2. Luego, se recorre cada tipo de vivienda en el conjunto de datos utilizando el bucle **for**. Por ejemplo, en la base de datos existen 5 tipos de viviendas (Departamento, Habitación, Casa de Villa, etc), el bucle se ejecutará tres veces, una para cada tipo de vivienda.
3. Dentro del bucle, se crea una condición llamada `eh_tipo` que verifica si el tipo de vivienda en una fila coincide con el tipo de vivienda actual del bucle. Por ejemplo, si el tipo actual es "Departamentio", la condición `eh_tipo` será True para las filas donde el tipo de vivienda sea "Departamento" y False para las filas con otros tipos de vivienda.
4. Después, se establecen otras condiciones para seleccionar las filas que cumplen ciertos criterios, como estar dentro de ciertos límites.
5. A continuación, se crea una nueva variable llamada seleccion que combina la condición eh_tipo con otras condiciones utilizando el operador lógico "&". Esto significa que la fila debe cumplir tanto la condición de tipo de vivienda como las otras condiciones para ser seleccionada.
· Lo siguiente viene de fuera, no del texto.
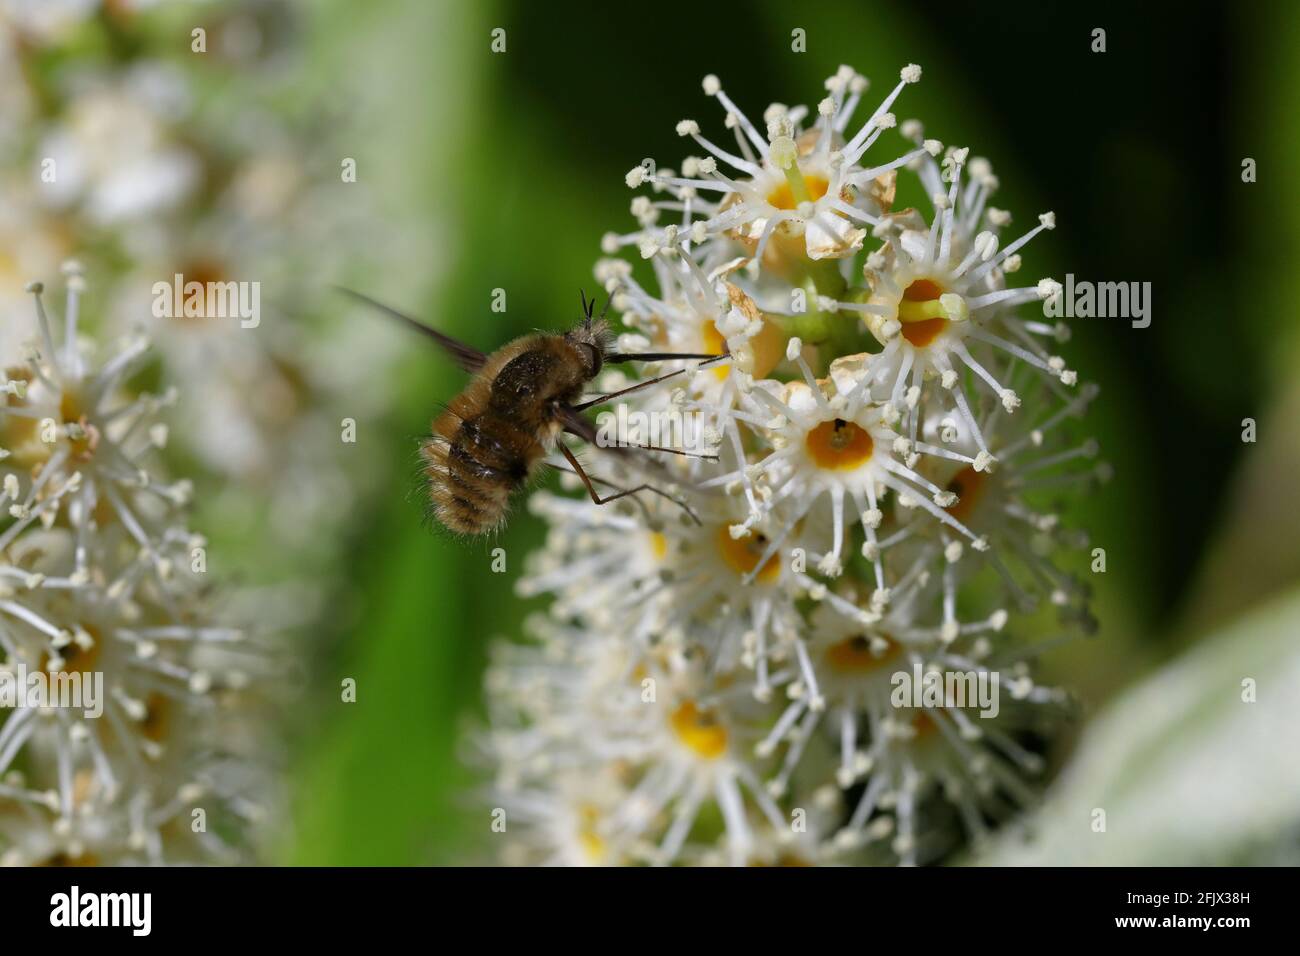 Eine Bienenfliege mit dunklen Kanten (Bombylius major), die sich von den weißen Blüten eines Kirschlaurels (Prunus laurocerasus) ernährt Stockfoto

6. Luego, se seleccionan las filas que cumplen la condición seleccion del DataFrame original y se almacenan en un nuevo DataFrame que es datos_seleccion.
7. Finalmente, el DataFrame datos_seleccion se agrega al DataFrame datos_new utilizando la función pd.concat(), que concatena los DataFrames. Esto se hace en cada iteración del bucle para ir acumulando las filas seleccionadas.

Espero que este paso a paso responda tu duda! Abrazos!